Study Alters Mice Behavior by Inserting Other Species’ Gene

Mice, natural loners, can be transformed into gregarious social creatures by receiving a gene transplanted from the prairie vole--proof for the first time that switching genes from one species to another can alter behavior, scientists report today.

The research, conducted by scientists at Emory University in Atlanta, eventually could lead to new treatments for behavioral disorders, including schizophrenia, autism and other diseases that are marked by isolation and difficulty in forming personal attachments, the researchers said.

Largely by studying the personalities of twins who were raised separately, scientists have estimated that about one-third to one-half of human social behaviors have genetic origins. But precisely which genes are involved in human behavior remains unclear, with most probably consisting of a large, complex network of interactions.

In this case, only a single gene was involved, with the researchers creating the cuddling vermin by transplanting a gene from a prairie vole, a small, outgoing rodent.

Mice and many other animals, including humans, have their own version of the gene, called the vasopressin receptor.

Though the gene is very similar among the various species, its chosen stomping grounds within the brain vary wildly. In fact, species that look physically identical can be differentiated purely based on vasopressin receptor patterns.

In their study, reported in today’s Nature, the Emory researchers inserted vole vasopressin receptor genes into mice and compared their behavior to that of normal mice.

Normal male mice put in a cage with a female briefly would sniff her and then move on to explore the rest of their environment. Mice with the altered pattern of vasopressin would spend significantly more time with the female, said Larry Young, a psychiatry professor at Emory University.

“The [male mice] became much more interested in the female,” he said. “They spent more time with her, smelling her, grooming her and generally being nice to her.”

Originally, the Emory scientists observed two kinds of voles, prairie and montane, that have 99% identical DNA. Regardless, the social behaviors of the prairie voles and montane voles couldn’t have been more different.

Prairie voles, both males and females, are monogamous mates and devoted parents; if put in a large cage, they will spend more than half their time in contact with each other. The montane voles mated promiscuously and soon abandoned their children, and would spend only about 5% of their time interacting with other voles.

One difference, at a genetic level, seemed to center on what part of a male vole’s brain interacted with vasopressin.

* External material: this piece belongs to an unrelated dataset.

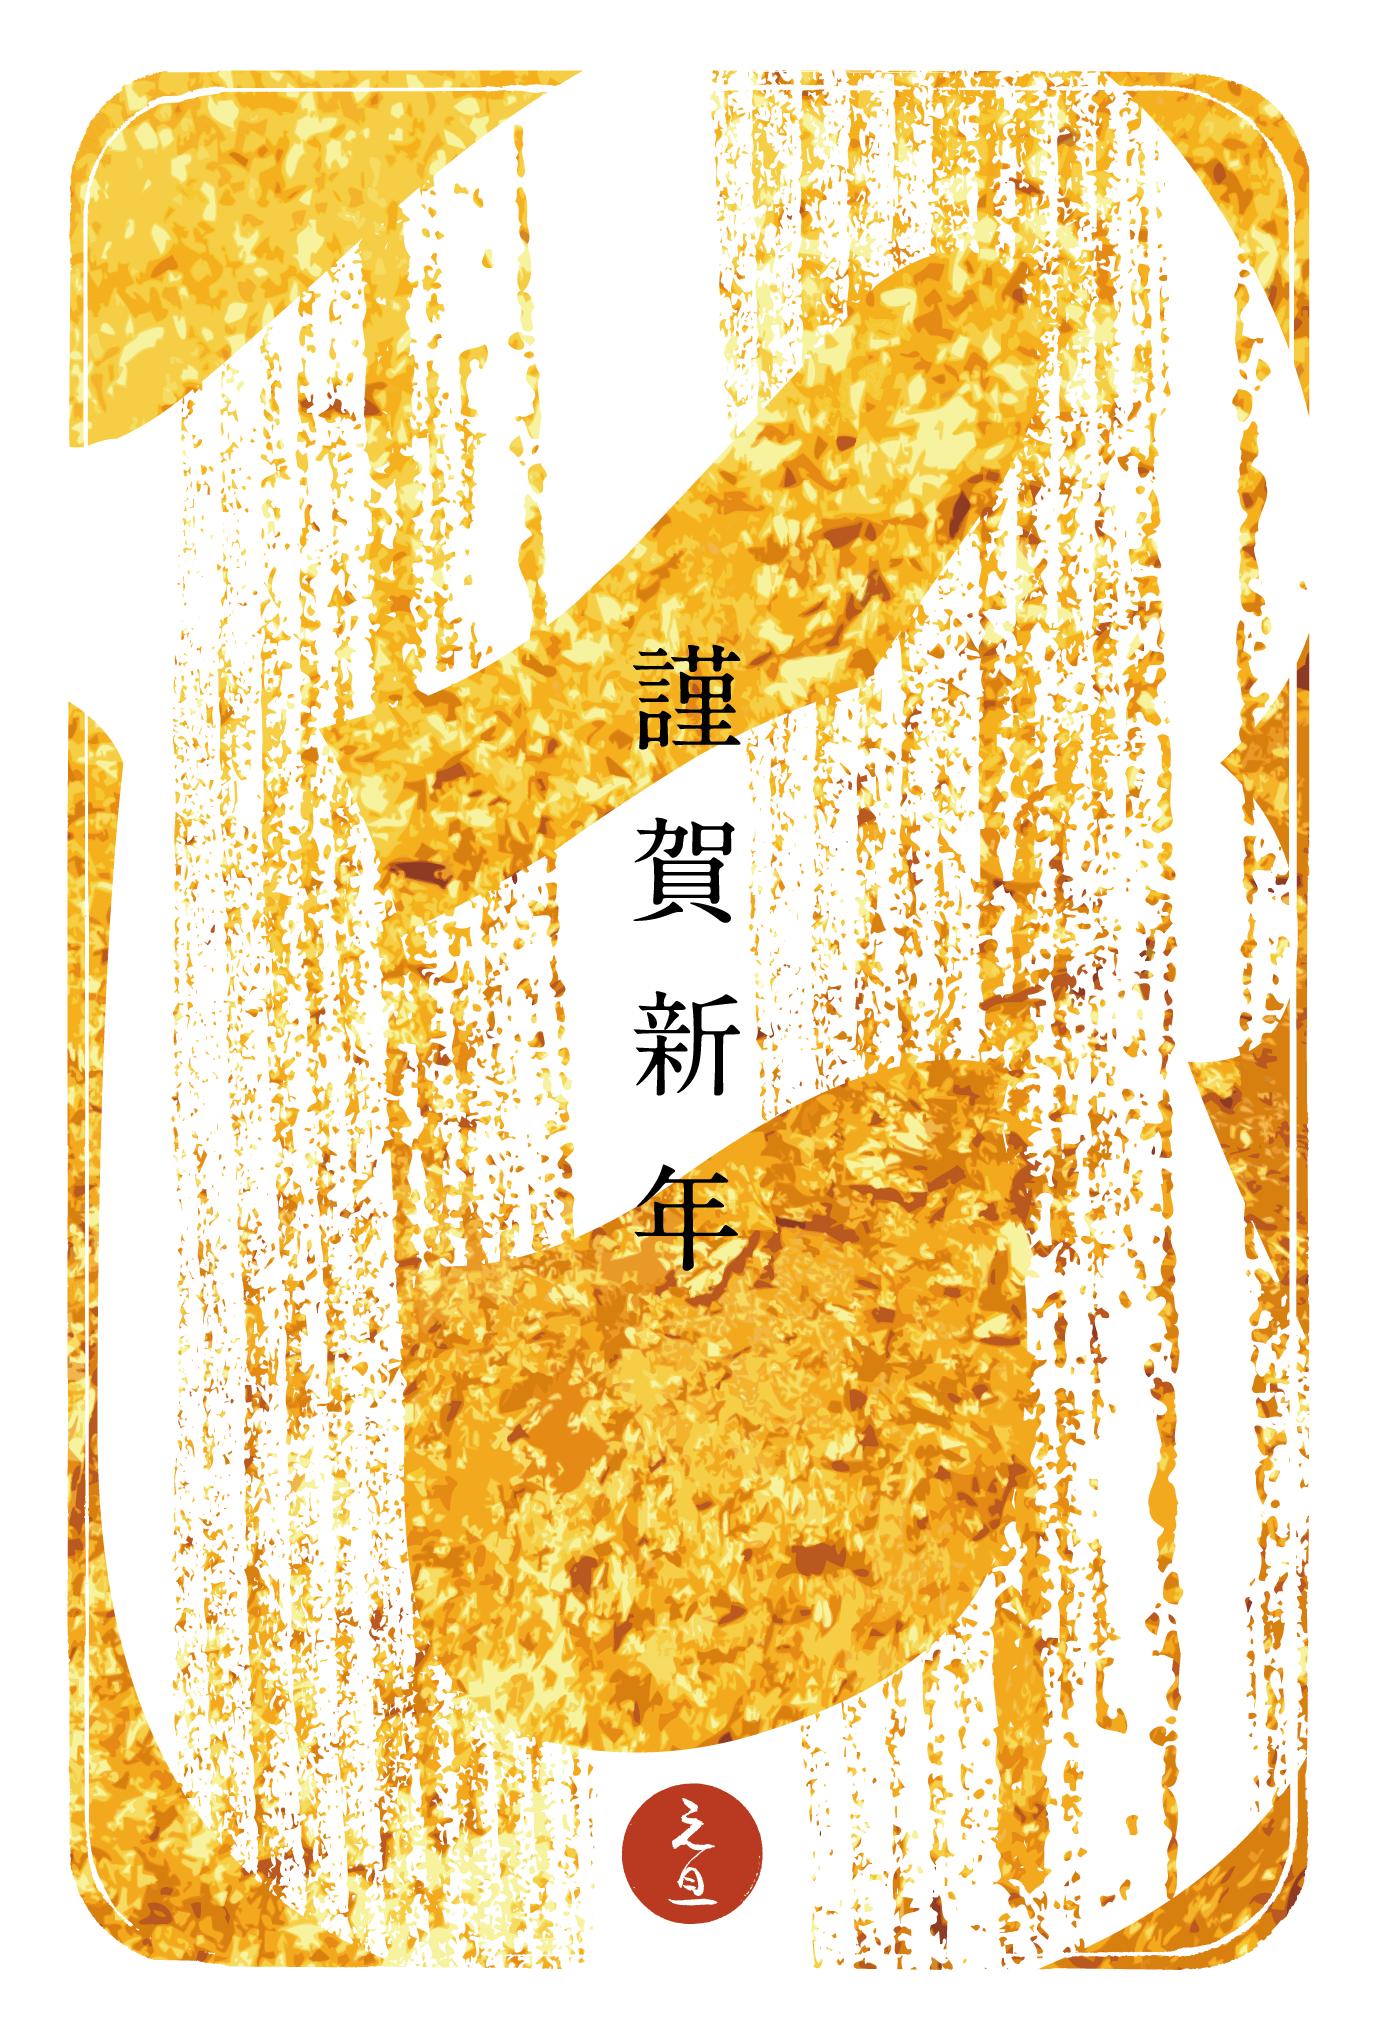 2013年賀状04:江戸勘亭流(巳)金箔のダウンロード画像

This difference, the researchers said, is due to a change in the “promoter” for the vasopressin receptor, a part of a gene that seems to determine where and when the gene is expressed.

To prove that receptor location was important in determining behavior, scientists turned to mice, whose genes are relatively easy to manipulate. By putting a prairie vole promoter into the mouse vasopressin receptor, the researchers affected a prairie vole-like distribution of receptors, and the related behavioral shift.

Vasopressin is a hormone that had already been implicated in “male typical behavior” in a number of species. These behaviors span a wide range, from hamsters’ aggression toward other males to the song of some male birds to prairie voles’ doting parental skills.

Previous work also had implicated oxytocin--a chemical relative of vasopressin found more abundantly in females--in autism. A study of 30 autistic boys showed that they had only half the oxytocin of their average peers. Even among non-autistic children, a high degree of social smoothness appeared to correlate with a relatively high oxytocin level.

Young’s findings certainly will spur more interest in a possible similar role for vasopressin, according to scientists who study the interaction of behavior and genetics. Other diseases that result in feelings of isolation and social detachment, including Tourette’s syndrome, schizophrenia and Alzheimer’s disease, may exhibit vasopressin irregularities, Young and his colleagues said.

Oberlin College psychology professor Norman Henderson, editor of the journal Behavior Genetics, finds the prospect interesting.

“There are certain behaviors that are going on in psychotic [diseases] that could possibly be related to this receptor,” he said.

It is too soon to say whether your significant other’s cuddle quotient is affected by the neural distribution of vasopressin receptors, however.

According to Henderson, it is unlikely that vasopressin works alone to mold such complex behavior as human social interaction. Instead, he said, humans are likely to have a number of “modifiers” for a given trait: genes that either pump up the effect of another gene or damp it down.

And even if the entire network of behavior genes and modifiers in humans is investigated and eventually spelled out, it seems doubtful that claiming “my genes made me do it” to explain away infidelity will ever be considered very convincing.

As researchers point out, humans should be able to tell the difference between a biological instinct and a biological imperative.

“We [humans] inhibit our behaviors a lot,” Henderson said. “Our brain tells us not to behave in certain ways, even if there is some instinct to.”